While it certainly keeps a paycheck rolling in, Clovis said the heavy workload cut into his time to hunt. He routinely hunts for big bucks which he follows throughout the year on his father’s farm in western Monongalia County. He was particularly enthused this year about the big buck he called “Mile High.”
“I had history of him for three years, but I couldn’t close the gap on him in bow season,” Clovis explained. “I had tons of pictures of him on game camera, his home area shrunk. I but couldn’t get a shot.”
“Mile High”, with his unusually stacked set of antlers, had become Clovis’ most sought after buck for the 2017 season although he admitted it probably would have been a bigger deer in the next few years.
“I name all my deer. I had Kong, the Drop Tine Buck, and Hercules. Sometimes I see them and sometimes I kill them and put them in the man-cave. I just noticed he was a really good deer who had potential and had a mile-high rack as a 2 and a half. As he progressed and got older as a three and a half he got a lot heavier,” Clovis. “But, as you know as five and a half and six and a half is when they reach full potential. He still had growing to do.”
Clovis had a couple of encounters with the buck during archery season and saw him a couple of times during the first week of gun season. He had also spotted the same buck during the 2016 muzzleloader season. All of those encounters ended with no shot. Clovis’ nephew found a shed of the buck after the 2016 season and trail cam pictures produced evidence the big buck had survived another season. By the second week of the 2017 gun season, it appeared Mile High might live to see his fifth season. Ready to give up on this year’s quest, a chance encounter in the second week of gun season produced a different result for Clovis.

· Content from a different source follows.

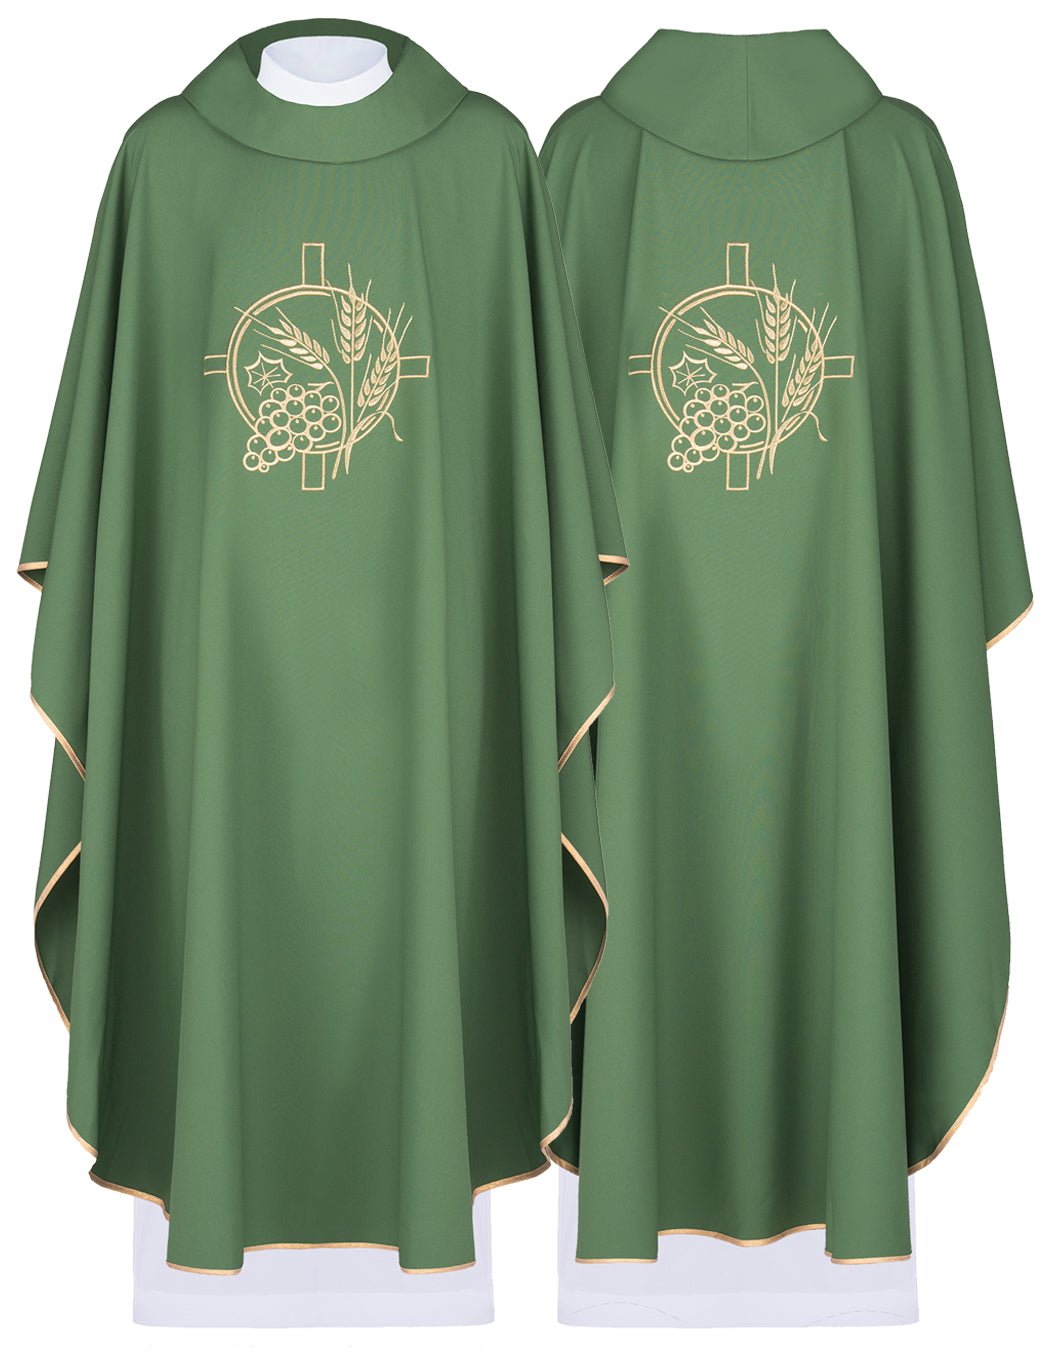 Zielony ornat z eucharystycznym wzorem

“I was in the tree stand and really wasn’t in the mood to hunt. I was just in a bad mood knowing I had to go back to Amazon packages the next day. I didn’t want to be there and figured I’d just come home and get rested up for work the next day,” Clovis explained.
Clovis left his stand and stepped onto his four wheeler, but before firing it up to leave he heard something down the hill below him.
“I looked and it was a spike chasing a doe, and there he was trailing behind them,” said Clovis. “I went from the lowest lows to the highest highs. I had to put shells back into my gun and it was meant to be I suppose. A minute earlier or a minute later and it would have never happened.”